Science, society, and the coastal groundwater squeeze

Holly Michael, Vincent Post, Alicia Wilson, Adrian Werner

    Research output: Contribution to journalArticle

    47 Citations (Scopus)

    Abstract

    Coastal zones encompass the complex interface between land and sea. Understanding how water and solutes move within and across this interface is essential for managing resources for society. The increasingly dense human occupation of coastal zones disrupts natural groundwater flow patterns and degrades freshwater resources by both overuse and pollution. This pressure results in a “coastal groundwater squeeze,” where the thin veneers of potable freshwater are threatened by contaminant sources at the land surface and saline groundwater at depth.

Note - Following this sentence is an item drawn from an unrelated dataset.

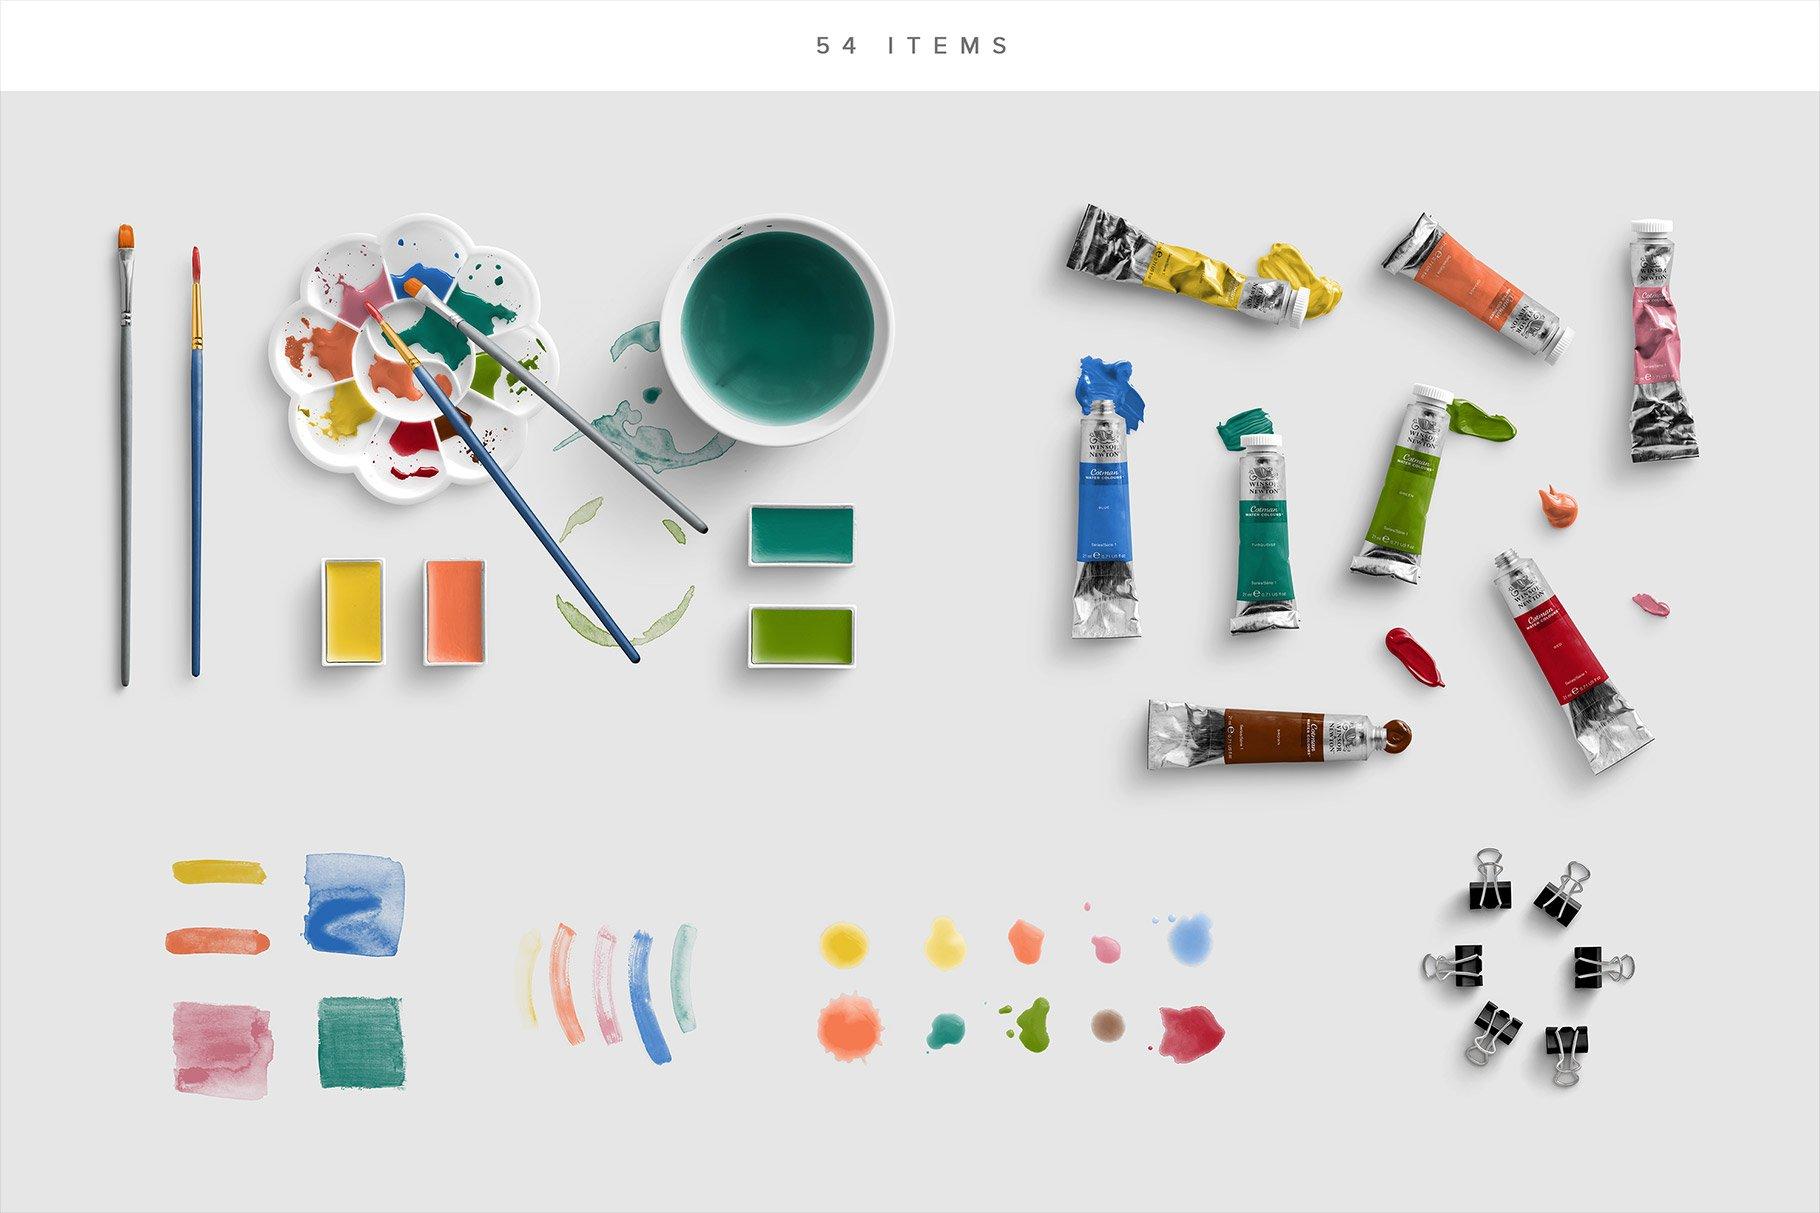 watercolor mockup scene creator photoshop 3 list of items

Scientific advances in the field of coastal hydrogeology have enabled responsible management of water resources and protection of important ecosystems. To address the problems of the future, we must continue to make scientific advances, and groundwater hydrology needs to be firmly embedded in integrated coastal zone management. This will require interdisciplinary scientific collaboration, open communication between scientists and the public, and strong partnerships with policymakers.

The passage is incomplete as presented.